Re: What does !$saw{$_}++ means
by Corion (Pope) on Jan 26, 2005 at 08:39 UTC

    Let's split it up a bit:

    You have a hash, %saw. Individual elements of a hash are accessed via $hash{key}. If you append the postfix ++ operator to it, it looks like $saw{key}++, which increments the hash element by one.

    Now, what does that do?

    The grep iterates over the whole array @in, sets $_ to each element and then executes the code, in our case the expression !$saw{$_}++. If the expression returns a true value, grep keeps the array element in its result, otherwise it's discarded.

    Now, when a key in %saw does not already exists, the code sets $saw{key} to 1 (incrementing by one from undef), and then returns the negation of the previous hash value (undef is false, so it returns true). So, if the hash key did not yet exist in the hash, the array element is put into @out.
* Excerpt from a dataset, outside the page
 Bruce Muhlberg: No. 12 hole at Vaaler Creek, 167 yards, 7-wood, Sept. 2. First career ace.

    The other case is that the hash key already exists in the hash. Then $saw{$_} returns a number greater than zero, which is interpreted as true, and the negation of that is false, so the (duplicate) array element in @in is discarded.

    This method is a nice and easy way (once you understand it) to get a unique list of elements in an array while retaining the order. There are other methods, like using the keys of %saw:

    undef %saw; $saw{$_}++ for @in; @out = keys %saw;

    This code puts the same elements into @out, but you lose the order.
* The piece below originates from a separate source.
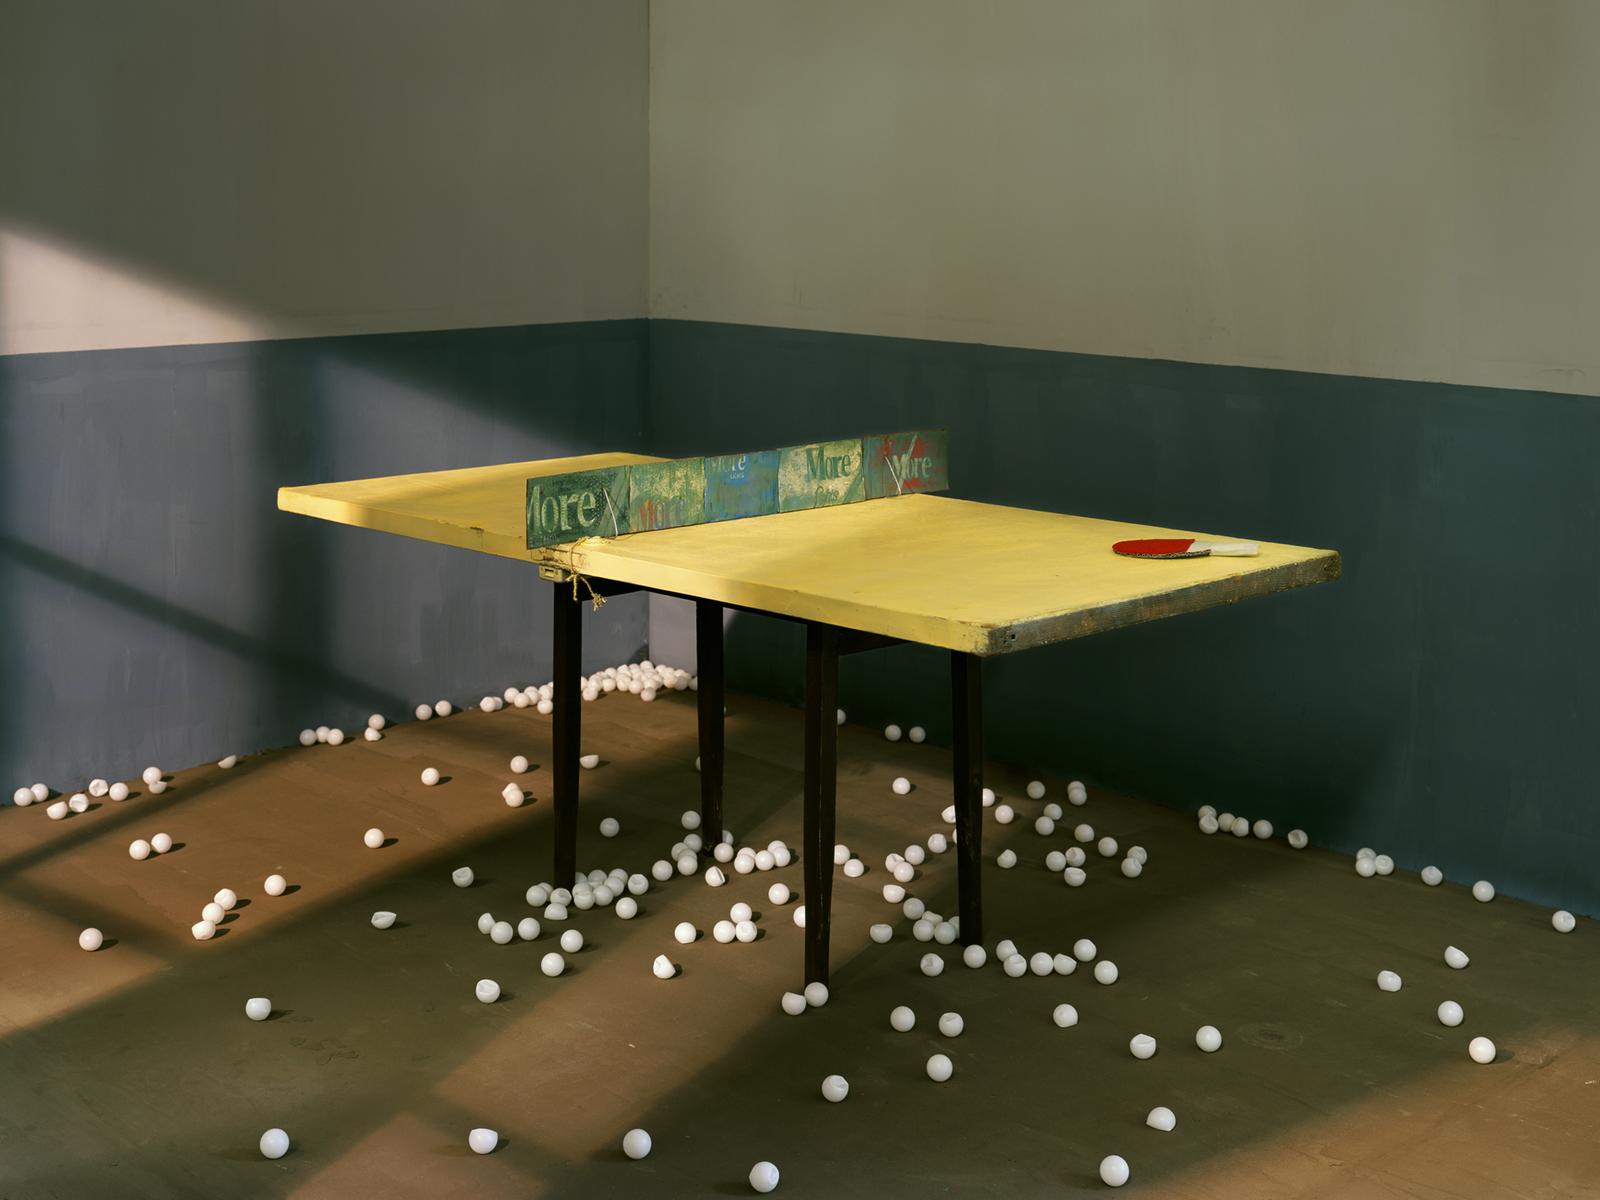 Chen Wei 陈维, Ping Pong, 2011, Archival inkjet print 收藏级艺术微喷, 150 x 200 cm

    I don't remember if it was quicker, but there also is the non-looped version:

    undef %saw; @saw{@in} = (1) x @in; @out = keys %saw;
      returns the negation of the previous hash value (undef is false, so it returns true)
      Nit: post-increment returns 0 if the value was undef, not undef. This is occasionally criticised, defended, pointed out as inconsistent with post-decrement (which does return undef), and then dropped. A comment in pp.c refers one to for further info (where you can read the criticism, defense, etc.).
      I don't remember if it was quicker, but there also is the non-looped version:
      undef %saw; @saw{@in} = (1) x @in; @out = keys %saw;
      I haven't benchmarked it, but I've frequently heard it asserted that even faster is
      undef %saw; @saw{@in} = (); @out = keys %saw;
      That is, using undef as your values (so you don't need the increment or to create the list of ones).
      but there also is the non-looped version:

      Except that x is a loop operator, just like map. In fact, it not only loops for the number of duplications, it also implicitely loops over each element of the list on the LHS.
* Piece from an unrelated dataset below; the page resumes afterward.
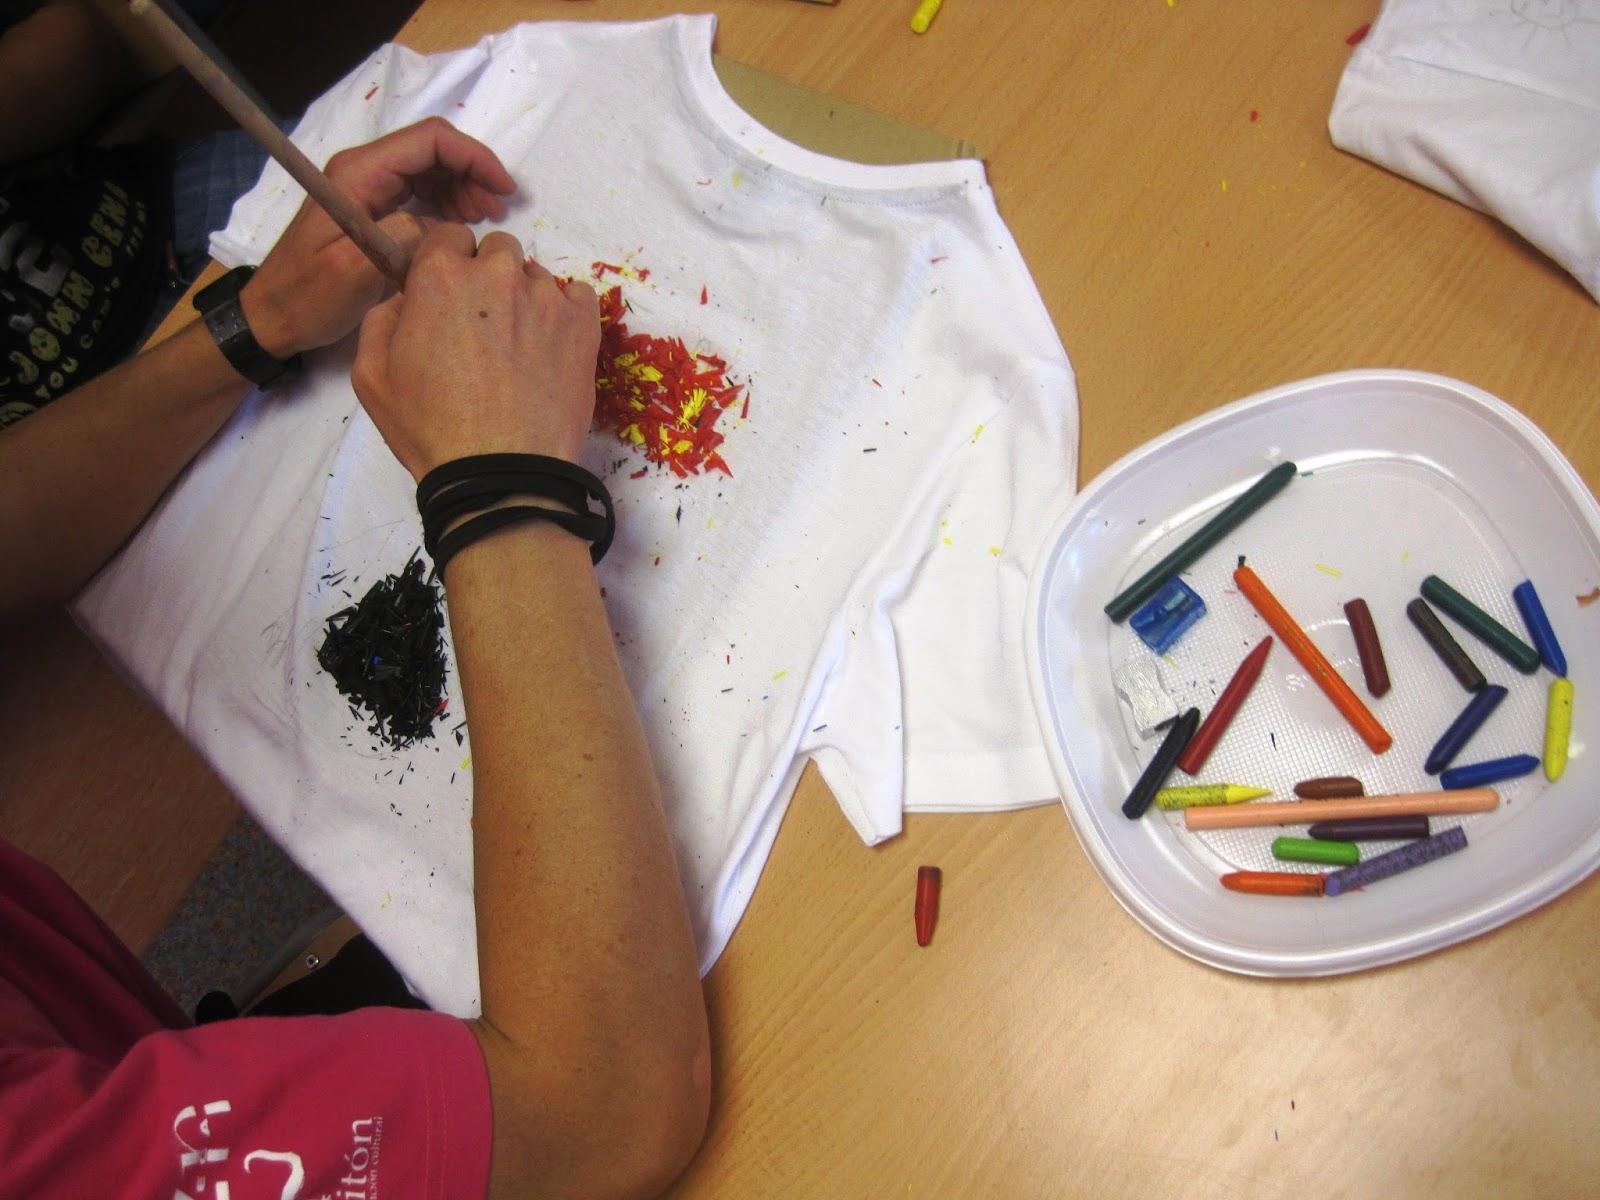 Diy pintar camisetas con pinturas plastidecor - Pinturas para pintar camisetas ...

      @saw{@in} and keys(%saw) are also loops, but they are implicit unlike x.

      In fact, you can remove two of the four loops of your "non-looped version":

      undef %saw; undef(@saw{@in}); @out = keys(%saw);

      Update: undef %saw is also an implicit loop, on calls other than the first.

Re: What does !$saw{$_}++ means
by ZlR (Chaplain) on Jan 26, 2005 at 08:46 UTC

    Here's my interpretation :

    %saw is a hash.
    $saw{$_} is the value in this hash associated with the key $_
    $saw{$_}++ increases this value by 1
    !$saw{$_} is a logical which means "there is no value associated with the key $_ in %saw" .

    Now, this is used inside a grep applied to @in : this means that $_ will take each of the value in @in . Let's take the first value of @in : obviously it's not yet in %saw so the conditional !$saw{$_} is TRUE (it's a double negation) . Therefore grep validates and this first value goes into @out.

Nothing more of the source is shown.